Scraping E-Commerce Websites Products With TexAu

Scraping Ecommerce websites is very useful to find trends, compare pricing strategies, or for competitive analysis.
Most of you may think TexAu is only a scraping tool made for lead generation.
But did you know you could also extract the FULL inventory of most E-commerce websites like Shopify with it?
It sounds crazy, but yes, you can!
The scraping process takes only minutes. You can scrape product prices, product links, product details, product image links and gather all this to a Google Sheet.
First, we need to search for a trending eCommerce website we can scrape. But how to do so?
In this tutorial, we will focus on websites using the Shopify eCommerce platform. But, thankfully, you can apply the same logic to any shopping cart system from Woocommerce, Magento, Prestashop, Opencart, and the likes.
This will work on most stores having basic schema markup implemented on their website.
All the methods presented in this tutorial don't require any proxies or IP rotation, unlike massive eCommerce platforms like Amazon or Aliexpress.
How To Find Shopify Stores?
Method #1: Using Google Advanced Search
First, let's jump to Google Search and use the advanced search below:
The above search is narrowing all Shopify sites from the "myshopify.com" URL for the keyword "shoes".
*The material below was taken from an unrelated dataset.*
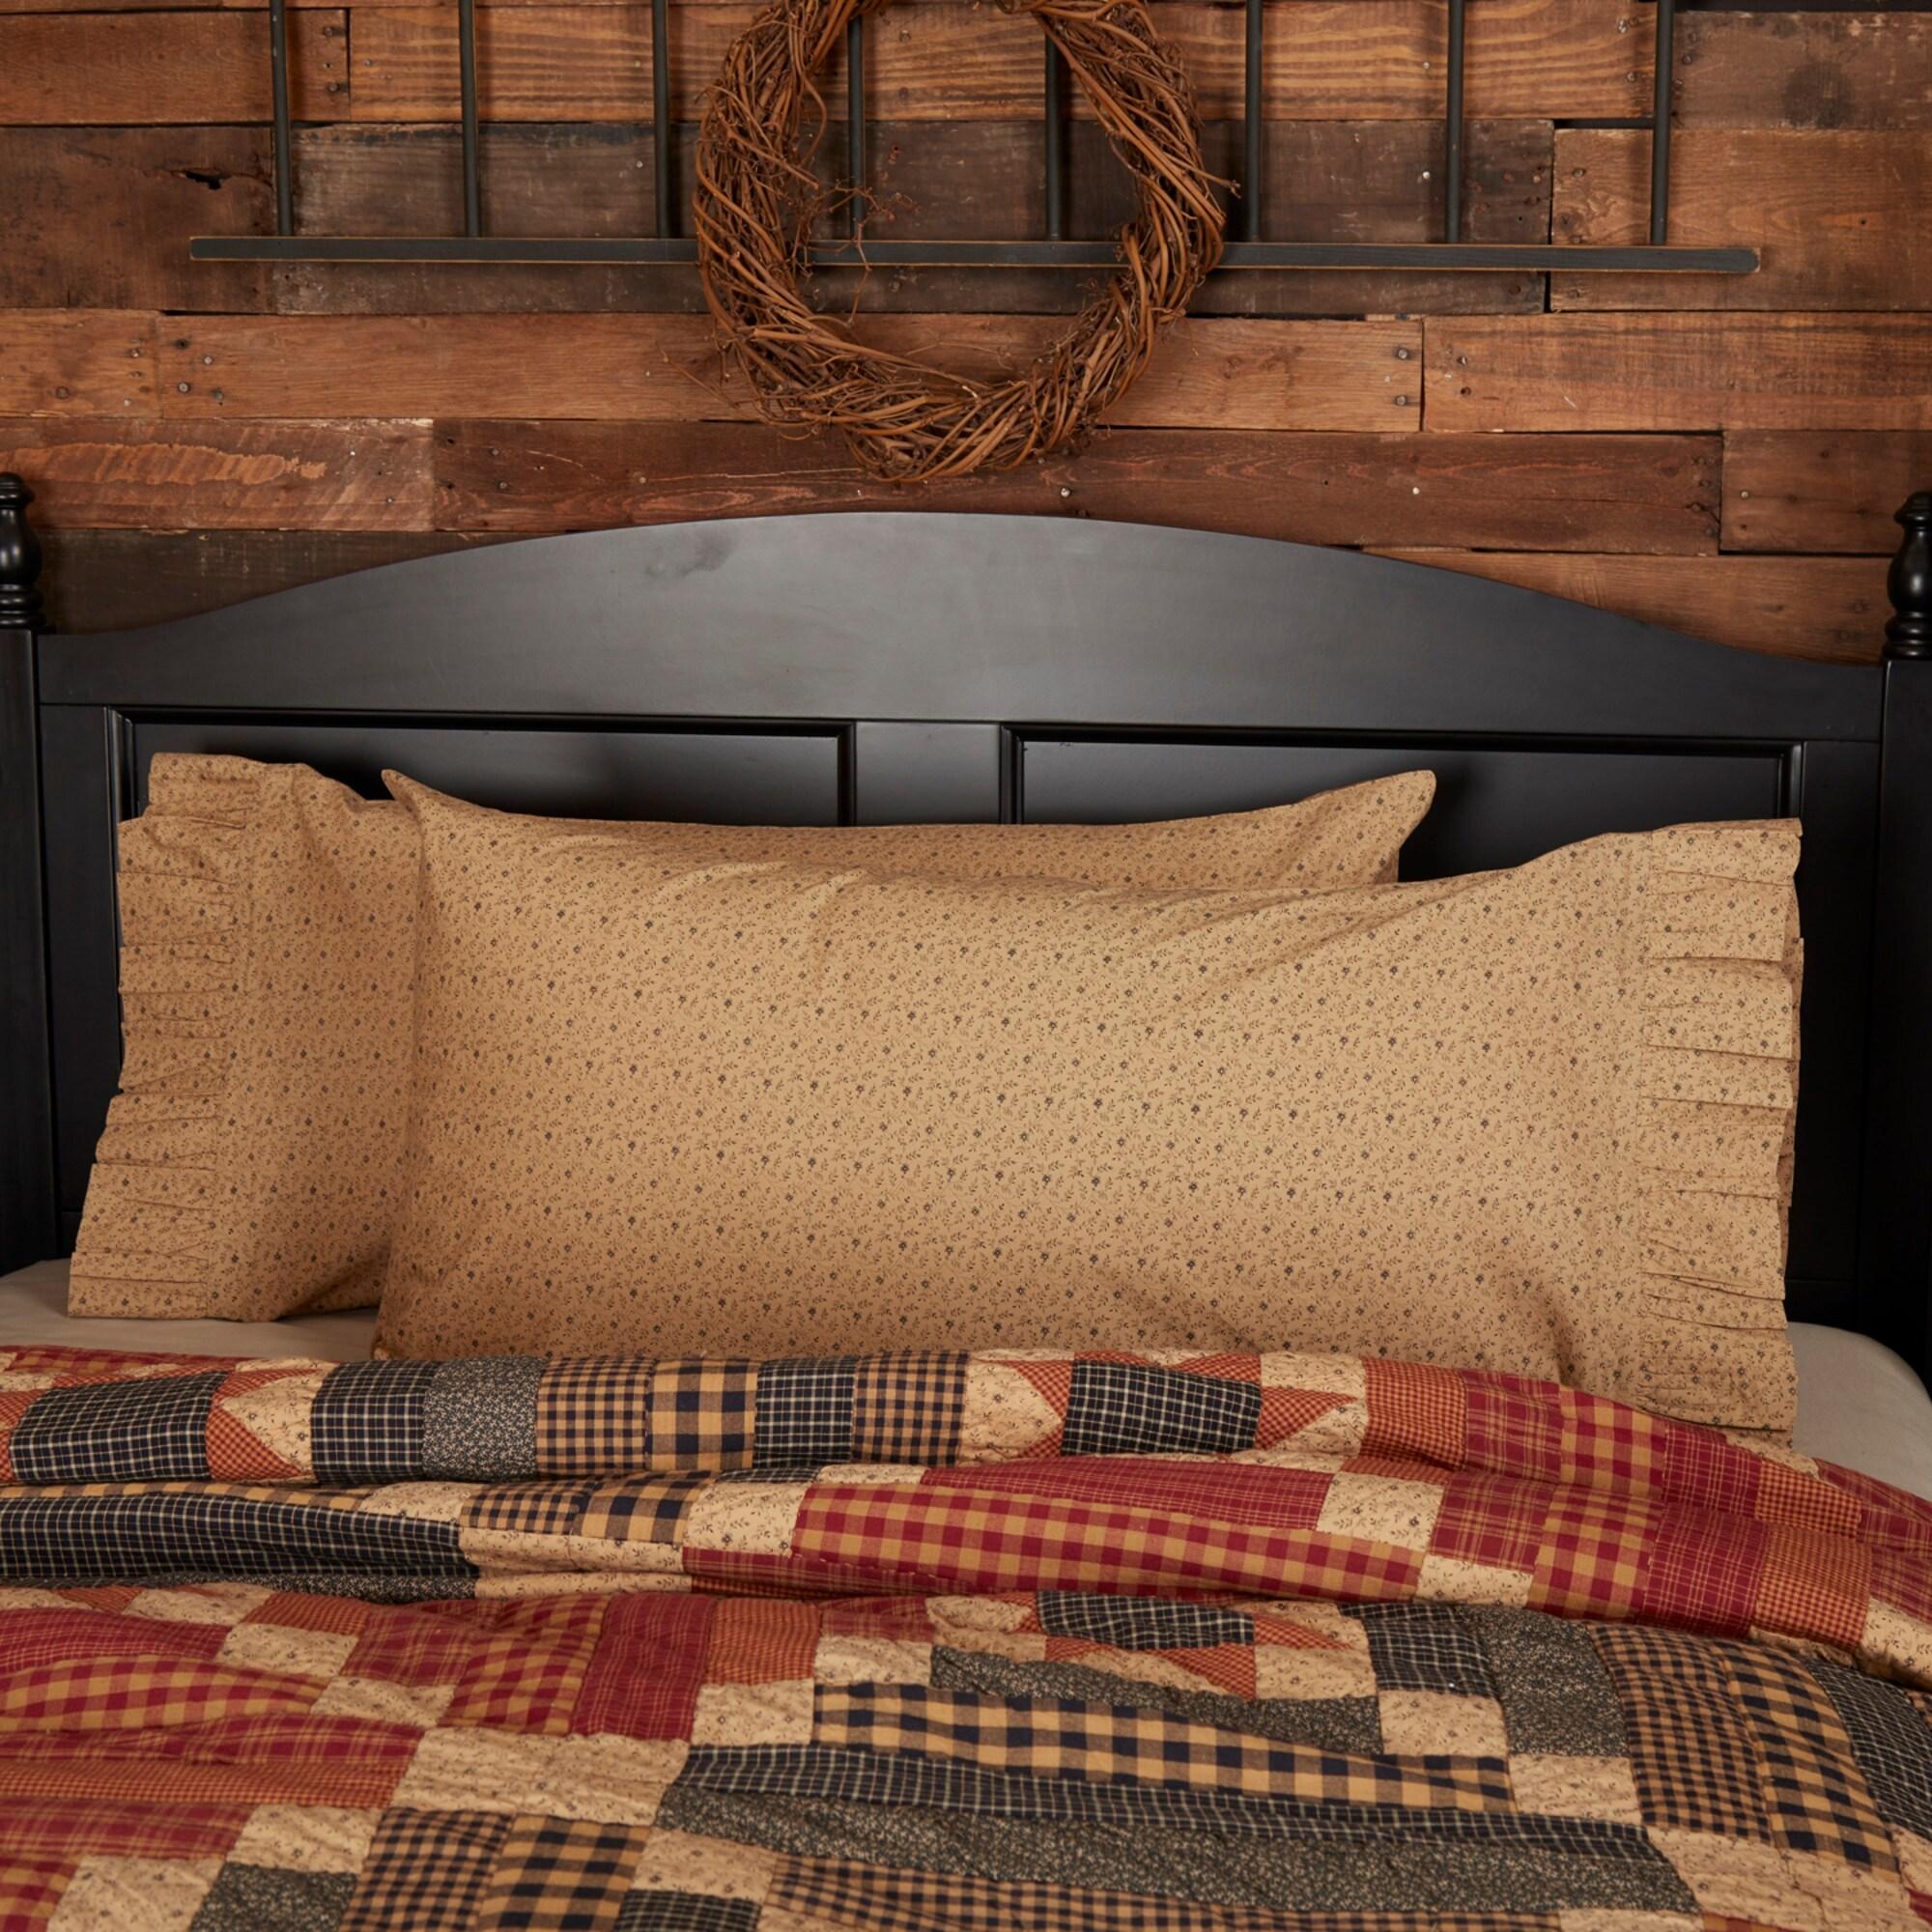 Maisie Pillow Case Set Overstock 28601861 King

Note that the results will depend on your Google Search preferences. You can change the language and location here:

The above search will give you the top-ranking Shopify stores selling shoes:

Here we see multiple results from that store which redirects to nobullproject.com:

At first glance, the organic site traffic is growing steadily from looking at it in Ahrefs:

So it could be interesting to dig deeper and see what are all the products from that store ranking from Google Search:

From there, you could scrape each product link from SERPs using TexAu Google Search spice:

Method #2: Using The Source Code Search Engine
Another way to find websites technologies is to look at their pages' source code. For this, you can use the source code search engine:
Here, type "myshopify.com", and this will return all the websites having this URL in their source code:

From there, you can extract a CSV file with the results. The number of results is limited in the free plan but is still something exploitable.

Method #3: Using Nerdydata

Very similar to the source code search engine but with a better UI, Nerdydata allows to search into the source code of website pages to find the technologies in use:

Method #4: Using MYIP.MS
Dropshippers have used this one for years to find trending Shopify stores: MYIP.MS.
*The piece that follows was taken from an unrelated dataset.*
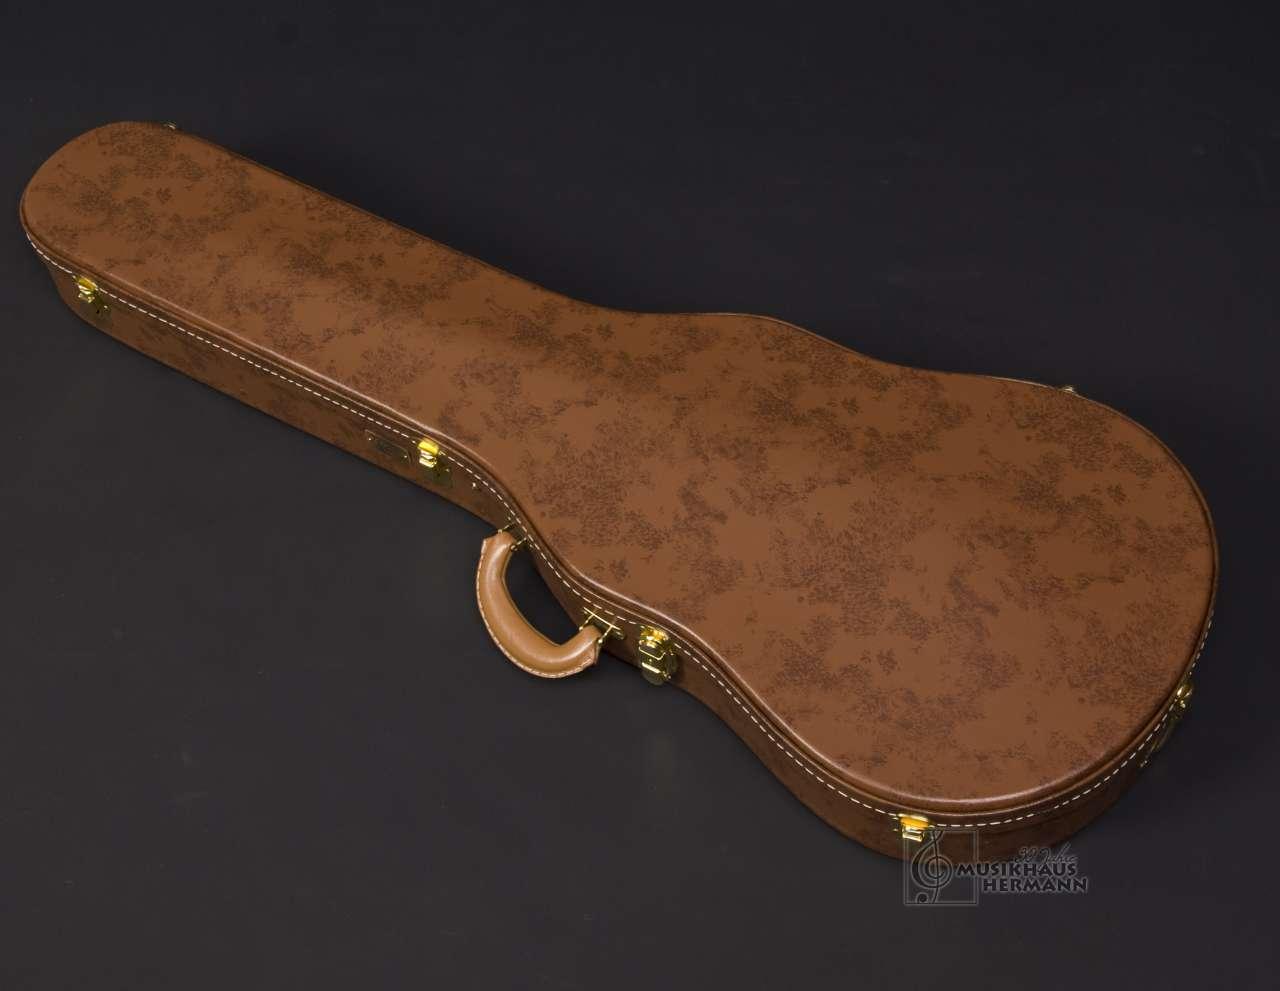 Koffer E-Gitarre Gibson Custom Shop braun - Les Paul Modelle ASCSCASE-NA

First, enter one of those Shopify IP addresses in the search bar:
That way, we will get a list of all the E-commerce sites using Shopify. Then, at the bottom of the page, click "View All Records":

To narrow down top-ranking eCommerce sites, use the "Site Popular Rating" filter and set it between 1000 to 10000:

Finally, extract all the eCommerce sites list that we will use later in TexAu:

Method #5: Using BuiltWith
BuiltWith is one of the best tools out there to find technologies used by eCommerce sites.
From there, go to the "reports" menu then "Technology Report":

Here, you can select any auto-suggested results or get all sites results. Then create a report:

Select the obtained report:

Finally, sort results by technology spending, social media followers, or traffic. Then manually pick each eCommerce website you want to export in CSV file format:

Method #5: Using TechTracker
Last, another great tool is TechTracker:


- Select Shopify in the "Technology Name" field.
- Pick the websites you want to export.
- Hit "Save my Lead Report".
- Then go to "Saved Leads".

In "Saved Leads", click "View my Lead Report":

Finally, download your report in CSV file:

Now that we have a bunch of interesting Shopify stores, how to scrape their inventory?
How To Scrape An Ecommerce Store Using Shopify?
Let's take a famous Shopify Store: MATT & NAT, the leading Vegan Bags brand.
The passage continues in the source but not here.